BACKGROUND: The improved survival rates for childhood acute lymphoblastic leukemia (ALL) may be jeopardized by the development of a second cancer, which has been associated with thiopurine therapy. PROCEDURE: We retrospectively analyzed three sequential Nordic Society of Paediatric Haematology and Oncology's protocols characterized by increasing intensity of thiopurine-based maintenance therapy. We explored the risk of second cancer in relation to protocols, risk group, thiopurine methyltransferase (TPMT) activity, ALL high hyperdiploidy (HeH), and t(12;21)[ETV6/RUNX1].

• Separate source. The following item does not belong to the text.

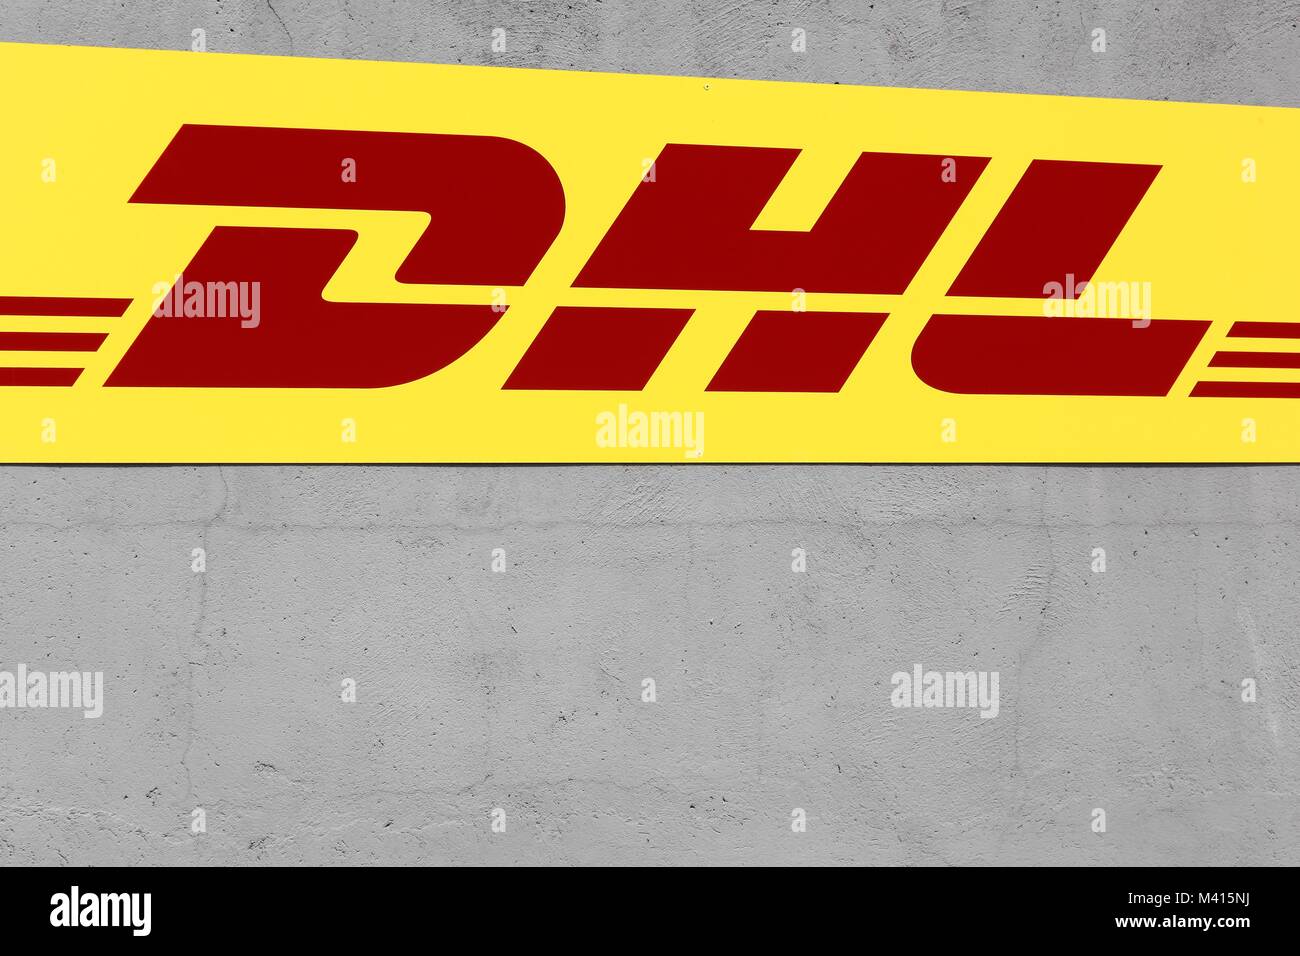 Sassenage, France - June 24, 2017: DHL logo on a facade. DHL Express is a division of the german logistics company Deutsche Post Stock Photo

RESULTS: After median 9.5 years (interquartile range, 5.4-15.3 yrs) of follow-up, 40 of 3,591 patients had developed a second cancer, of whom 38 had non-high-risk B-cell precursor ALL. Patients with standard-risk ALL, who received the longest maintenance therapy, had the highest adjusted hazard of second cancer (hazard ratio [HR], intermediate vs. standard risk: 0.16, 95% CI: 0.06-0.43, P < 0.001; HR, high vs. standard risk: 0.09, 95% CI: 0.02-0.49, P = 0.006); no significant effects of protocol, age, or white blood cell count at diagnosis, ALL HeH, or t(12;21)[ETV6/RUNX1] were observed. A subset analysis on the patients with standard-risk ALL did not show an increased hazard of second cancer from either HeH or t(12;21) (adjusted HR 2.02, 95% CI: 0.69-5.96, P = 0.20). The effect of low TPMT low activity was explored in patients reaching maintenance therapy in clinical remission (n = 3,368); no association with second cancer was observed (adjusted HR 1.43, 95% CI: 0.54-3.76, P = 0.47).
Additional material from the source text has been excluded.